Filed under: Conferences, Implementations — William Denton @ 7:46 am

I stumbled across this just a couple of days ago, though it’s from September: Does FRBR Include Serials? A FRBR Implementation for All Formats (scroll down to the middle), by Craig Thomas, a report on the spring 2005 meeting of the New England Technical Services Librarians, filed in the NASIG Newsletter (September 2005). John Espley from VTLS gave a demonstration of Virtua.

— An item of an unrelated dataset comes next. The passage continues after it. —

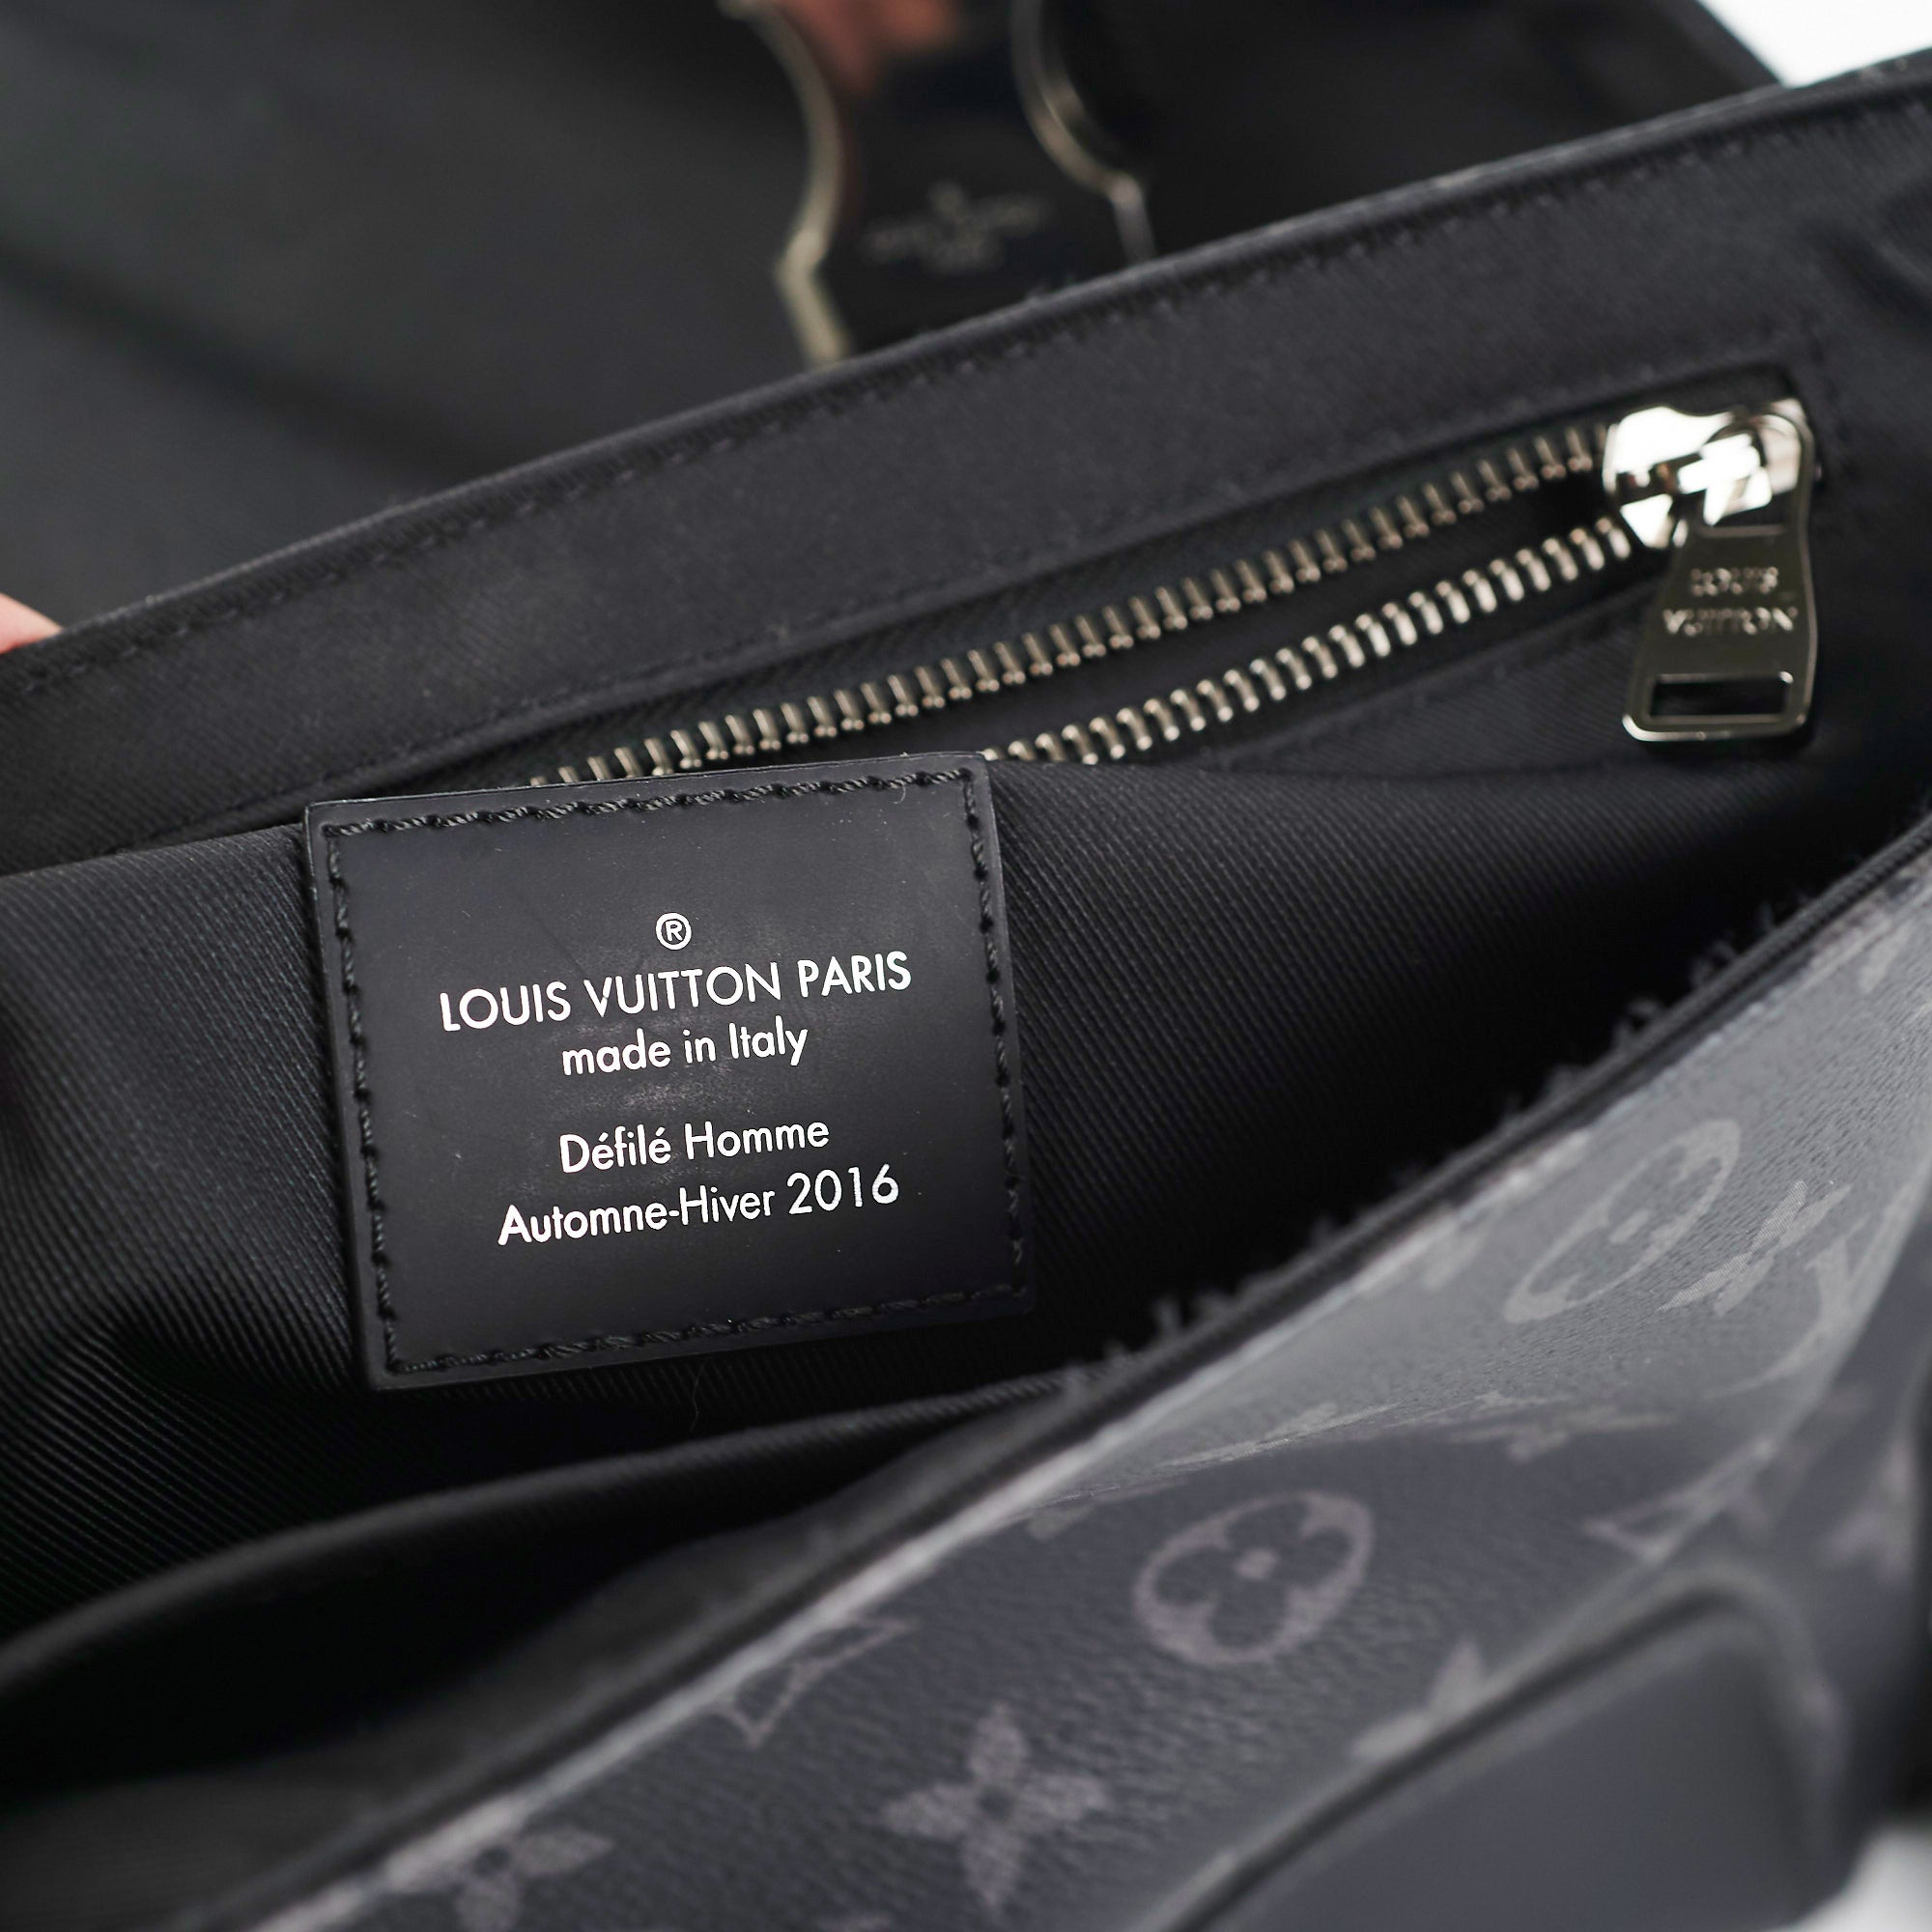 Louis Vuitton Messenger PM Voyager 2020 - DesignerSupplier

Of the design considerations addressed, it was likely the question of display that aroused the greatest interest, many attendees curious as to what FRBR records even look like. Espley demonstrated VTLS’s proposed solution to this design challenge using as an example Beethoven’s Symphony No. 6. (Today’s demo was PowerPoint-based, rather than live). On the top half of the screen, Virtua’s split screen interface displays the work-expression-manifestation relationships within a family of records as an expandable tree structure indented according to the entity level. Distinctive icons denoting each level provide added clarity. On the bottom half of the screen appears the record corresponding to the point in the tree one is highlighting. Each record below the work level possesses both a control number (field 001) and an 004 linking field (appropriated from MARC 21 Holdings Field 004, Control Number for Related Bibliographic Record). The latter corresponds to the control number (001) of the record at the preceding level. Manifestations thus link to their respective expressions; expressions link to the work.